Un locataire non inscrit au RCS peut-il bénéficier d’un bail dérogatoire ?

Le bail dérogatoire, également appelé bail de courte durée ou bail précaire, permet de déroger aux règles qui régissent habituellement les baux commerciaux, plus protectrices pour le locataire. Le bail dérogatoire permet de louer des locaux utilisés pour l’exploitation d’une activité commerciale ou artisanale, pour une durée plus courte que le bail commercial classique. Le locataire ne bénéficie pas du droit au renouvellement.

Un arrêt récent de la Cour de cassation apporte des précisions sur la validité du bail commercial, notamment en cas de bail dérogatoire. Un bail commercial dérogatoire est-il valable si le locataire n’est pas inscrit au registre du commerce et des sociétés (RCS) ?

En cas de maintien du locataire dans les lieux, un nouveau bail commercial s’opère

La réglementation a mis en place un bail dérogatoire permettant, par exemple, au preneur de commencer son activité alors même qu’il n’est pas certain de maintenir celle-ci pendant toute une période triennale d’un bail commercial.

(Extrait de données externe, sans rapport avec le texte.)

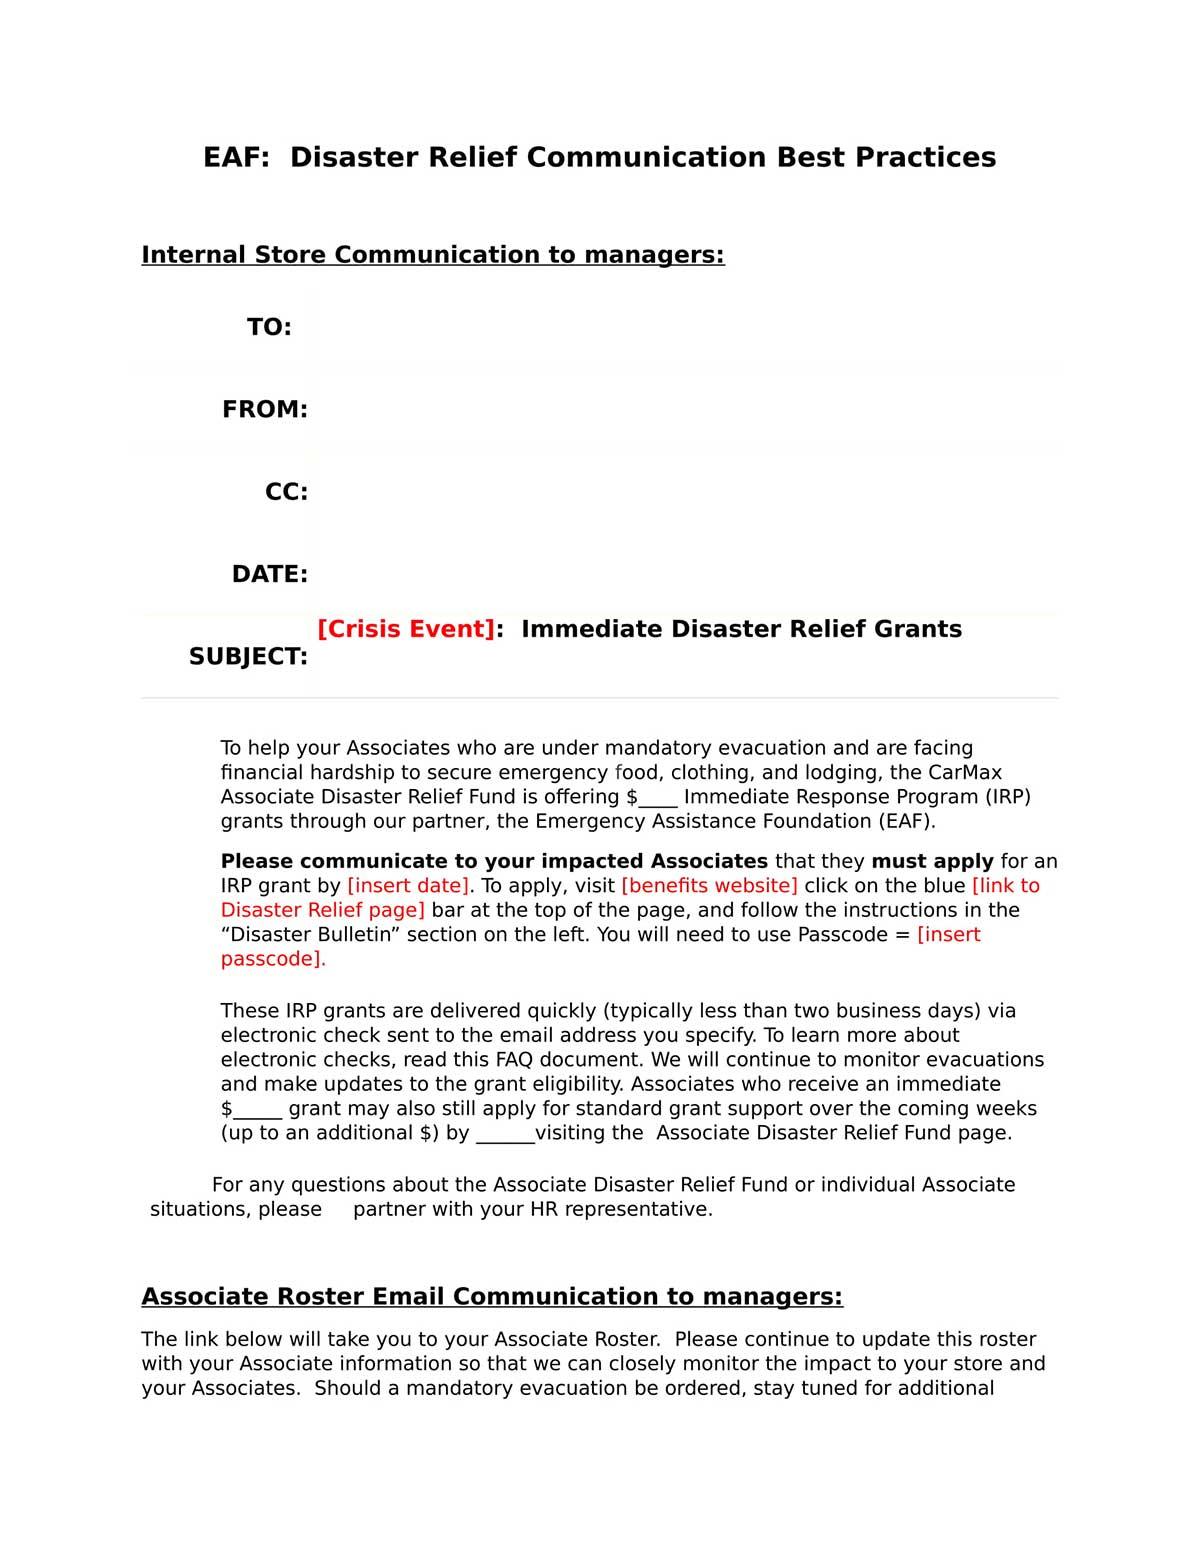 EAF-Communication-Best-Practices-1
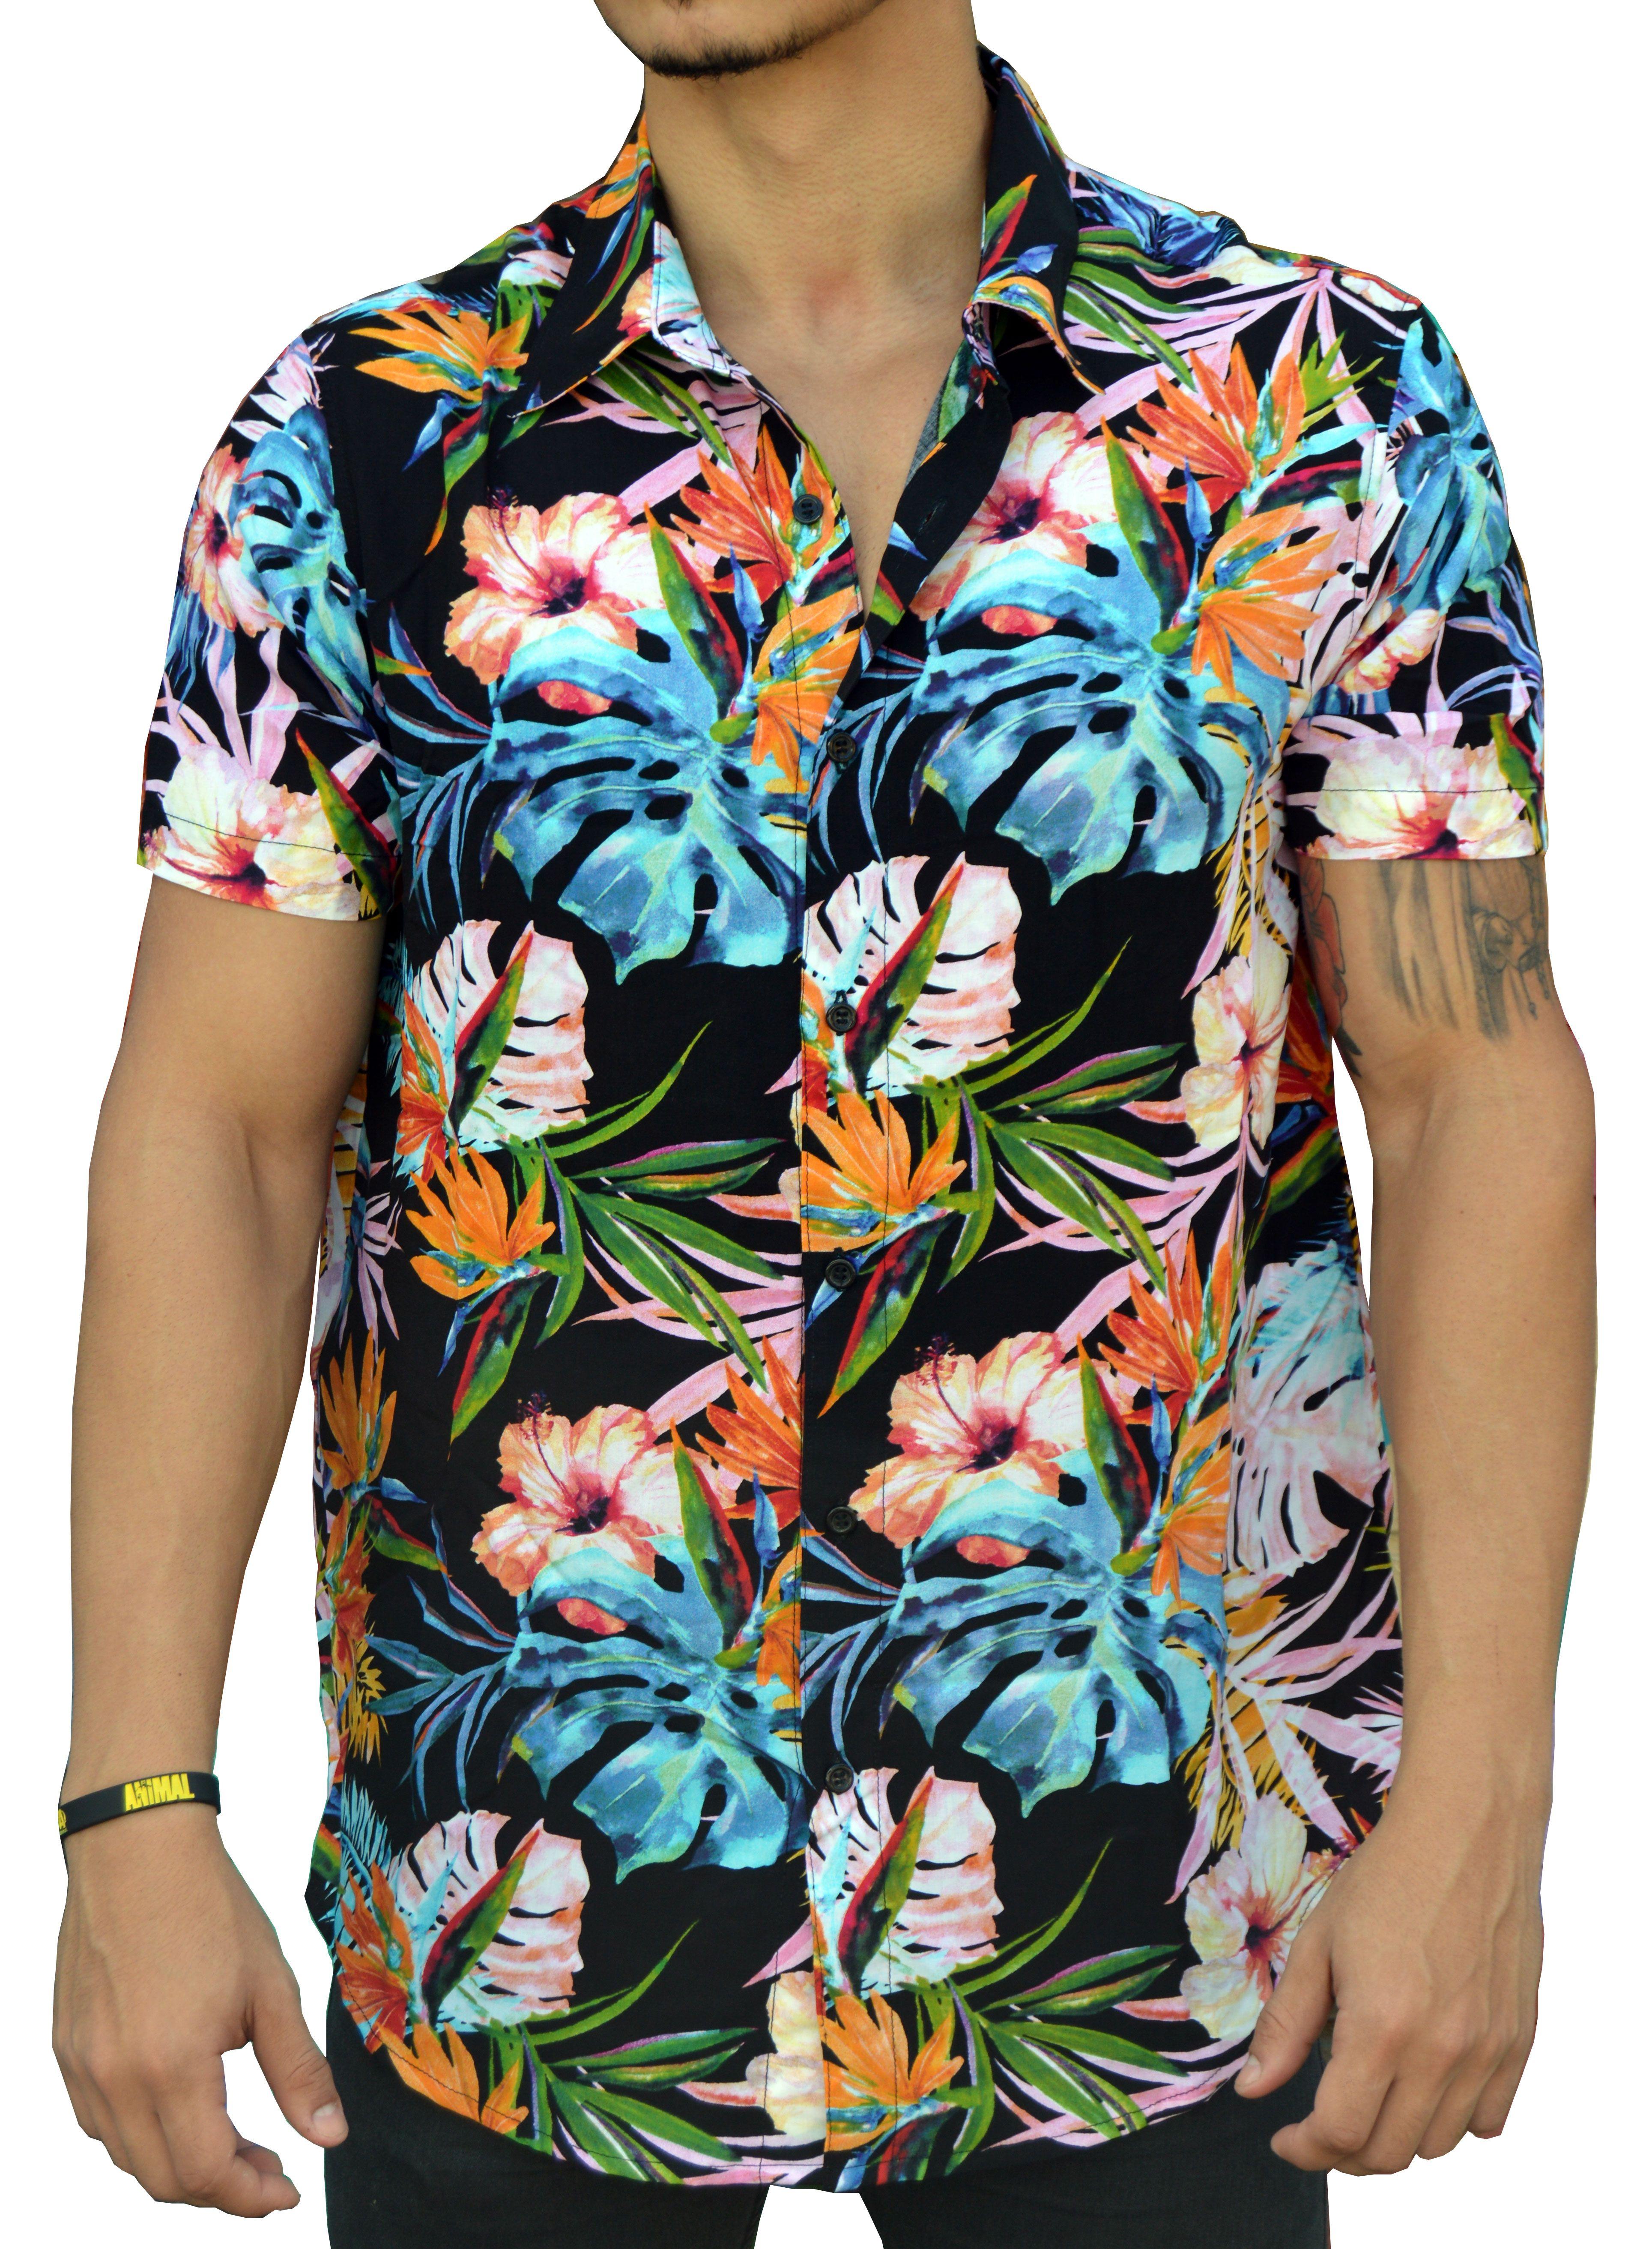 71c9d17a4 Camisa Floral Masculina Costela de Adão Azul | Camisas Masculinas ...

Ce bail dérogatoire ne doit pas dépasser 3 ans. Les parties peuvent conclure plusieurs baux successifs dès lors que cette durée maximale n’est pas dépassée.

À l’échéance du bail, si le locataire ne quitte pas les lieux, le bailleur dispose d’1 mois pour manifester son opposition à son maintien dans les lieux, s’il ne l’a pas fait avant.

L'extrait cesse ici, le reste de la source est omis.